Fès is also the primary centre of zellige production in Morocco — the hand-cut ceramic tilework whose geometric patterns share a visual vocabulary with the brand's leather goods.

Discover Fès →


Chefchaouen

Handwoven Wool Blankets · Rif Mountain Weaving · Blue Medina

Chefchaouen sits at 600 metres in the Rif Mountains, 60 kilometres from Tétouan. Its altitude and cold climate drove the development of one of Morocco's most distinctive weaving traditions — heavy wool blankets and throws in geometric Amazigh patterns, in combinations of red, white, black, and natural undyed wool found nowhere else in Morocco. Moroccan Corridor sources its Chefchaouen blankets directly from the weavers, without intermediaries.
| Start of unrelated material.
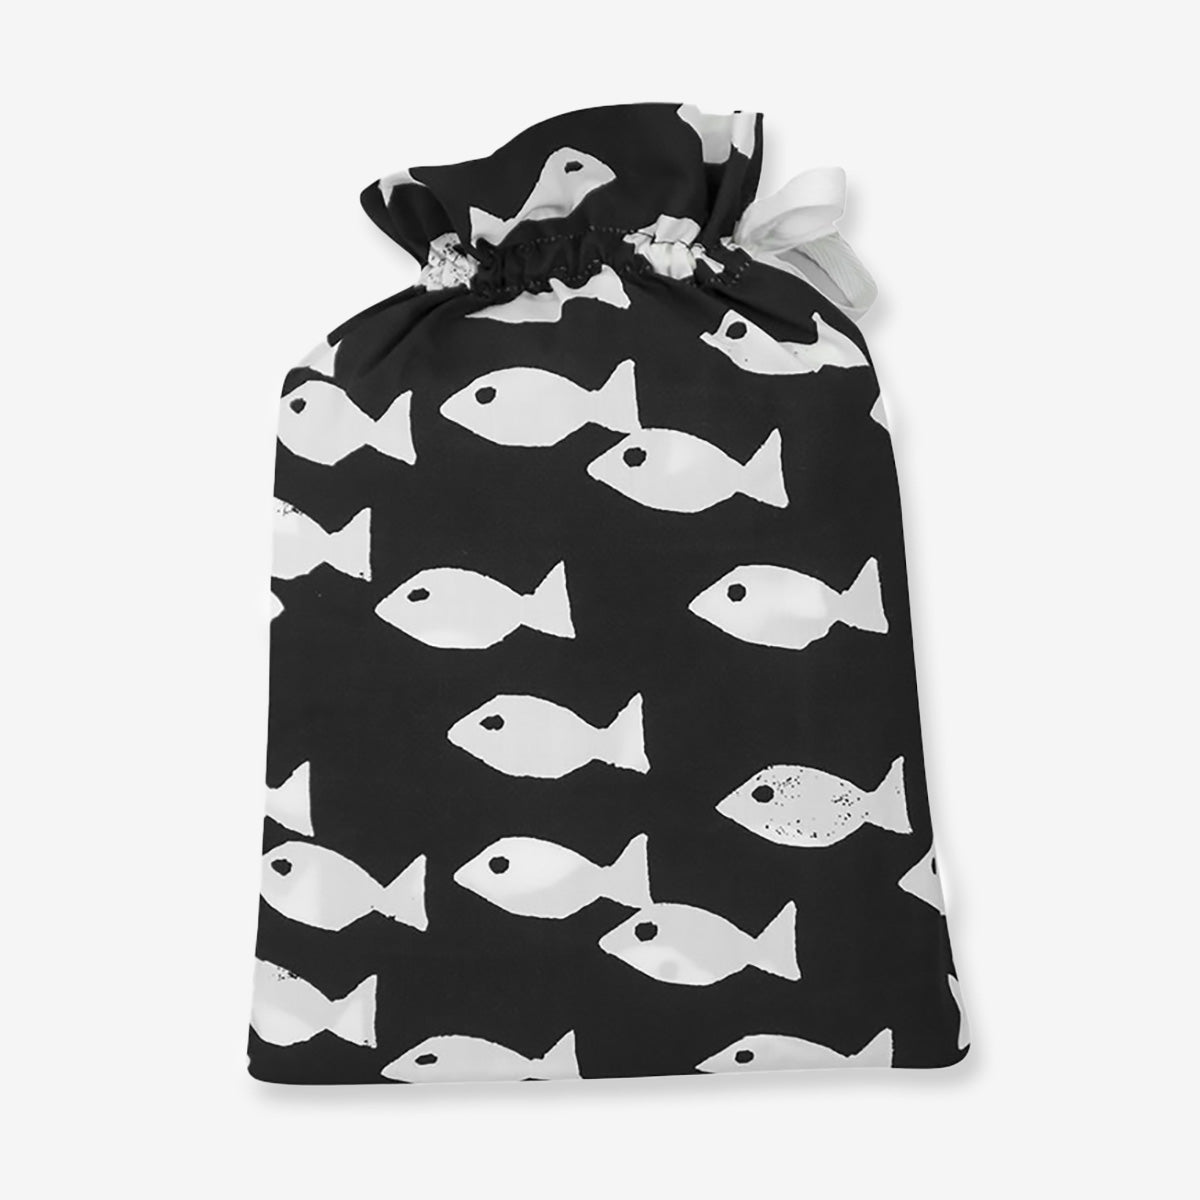 Fine Little Day Fish/Wave Cot Bed Bedding – Black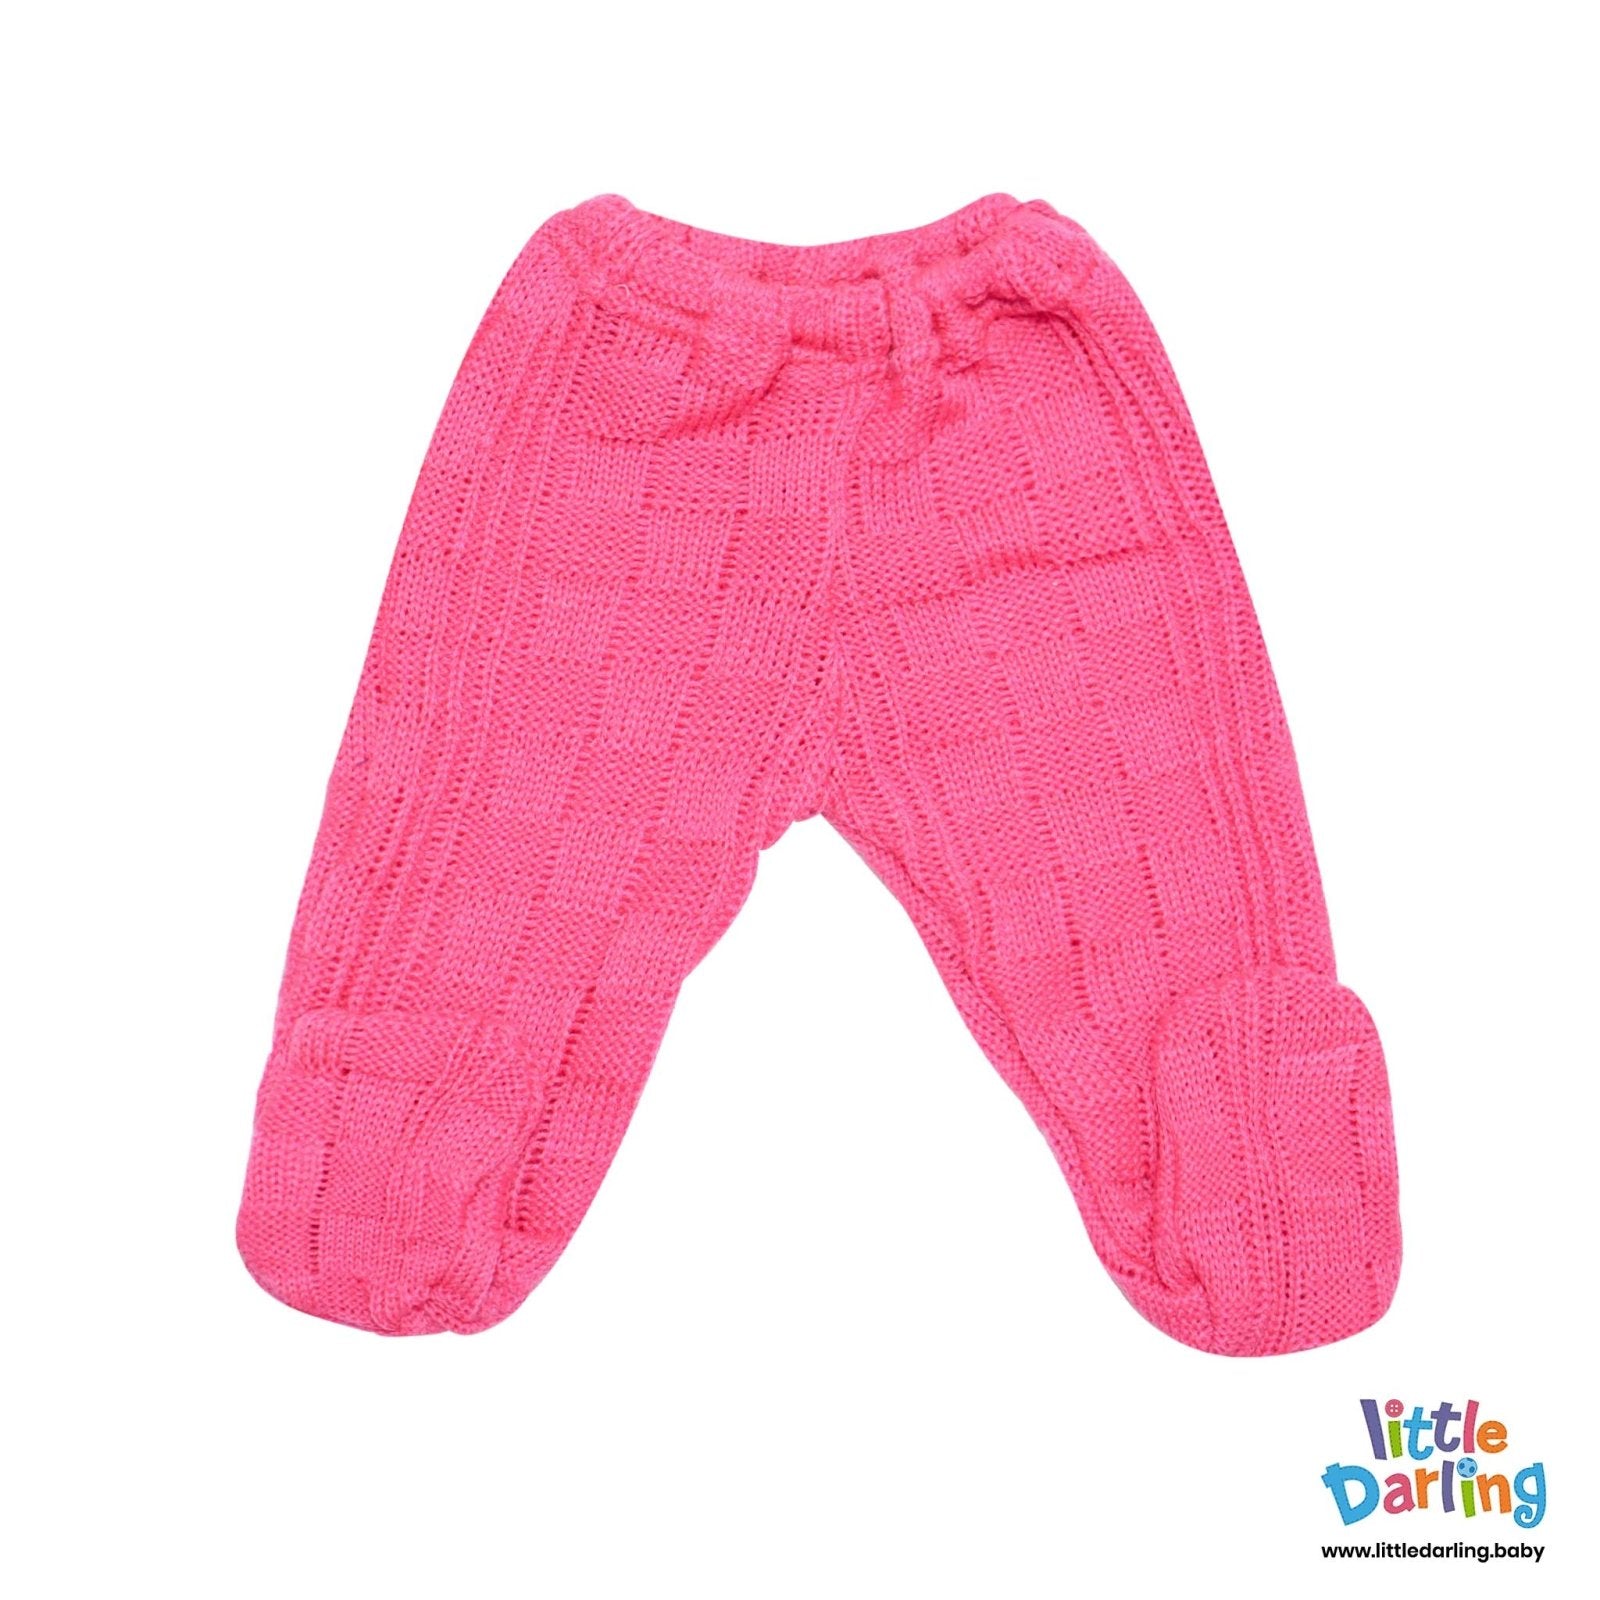 4 Pcs Woolen Gift Set Box Pattern Pink Color by Little Darling

The city shares the same Andalusian and Amazigh cultural roots as Tétouan — the same resettlement wave of 1492 shaped both cities.

Discover Chefchaouen →


Marrakesh

Berber Rugs · Metalwork · Babouches · Souks

Marrakesh is Morocco's most visited city and its most concentrated marketplace for craft. Founded in 1070 CE by the Almoravid dynasty, the city draws from Berber, Arab, Andalusian, and sub-Saharan African influences in a combination found nowhere else in Morocco. Its souks — organised by trade since the medieval period — are the primary trading point for Berber rugs from the Atlas Mountains, leather babouches, brass and copper metalwork, and hand-woven textiles.

Moroccan Corridor's design language draws more from the northern Andalusian-Amazigh tradition of Tétouan and Fès than from the Marrakesh aesthetic — but the city's craft heritage is part of the same broader Moroccan tradition the brand is rooted in.

Discover Marrakesh →


Coming

The craft cities of Morocco extend well beyond these four. Essaouira and its thuya woodwork. Meknès and its ironwork. Taroudant and its silver jewellery. Azrou and its Middle Atlas weaving tradition. Moroccan Corridor will document each of these cities as the brand's knowledge of them deepens.


Quick Facts

Tétouan Leather · Embroidery · UNESCO medina · Moroccan Corridor HQ
Fès Vegetable-tanned leather · Zellige · Chouara Tannery (11th c.)
Chefchaouen Handwoven wool blankets · Rif Mountains · Blue medina
Marrakesh Berber rugs · Babouches · Brass metalwork · Souks
Coming Essaouira · Meknès · Taroudant · Azrou

Frequently Asked Questions

What are the craft cities of Morocco?

Morocco's craft cities are the historic medinas where specific artisan traditions have been maintained in continuous production for centuries. The most significant are Fès (leather, zellige), Tétouan (leather, embroidery), Marrakesh (rugs, metalwork), Chefchaouen (wool blankets), Essaouira (thuya woodwork), and Meknès (ironwork). Each city's craft tradition reflects its specific history, geography, and cultural influences.

Where does Moroccan Corridor source its products?

Moroccan Corridor sources leather goods from artisans in Tétouan, using vegetable-tanned leather from Fès. Handwoven blankets and throws are sourced directly from weavers in Chefchaouen. The brand works without intermediaries — the artisans and weavers are known by name and the sourcing is traceable to specific workshops and families.

What is the difference between Moroccan craft cities?

Each city has a distinct craft tradition shaped by its history and geography. Fès is the centre of leather tanning and zellige production. Tétouan is known for finer leather finishing and Andalusian-influenced embroidery. Chefchaouen produces distinctive wool blankets specific to the Rif Mountains. Marrakesh is the primary trading point for Berber rugs from the Atlas Mountains and the south.

Why is Moroccan Corridor based in Tétouan rather than Marrakesh or Fès?

Tétouan was chosen because the city's craft infrastructure — the artisans, the materials, the knowledge, and the tradition — made it the right base for the brand's leather goods. Working from Tétouan keeps production close to the source, maintains direct relationships with craftsmen, and ensures that what is sold carries a genuine connection to the place and the people who made it.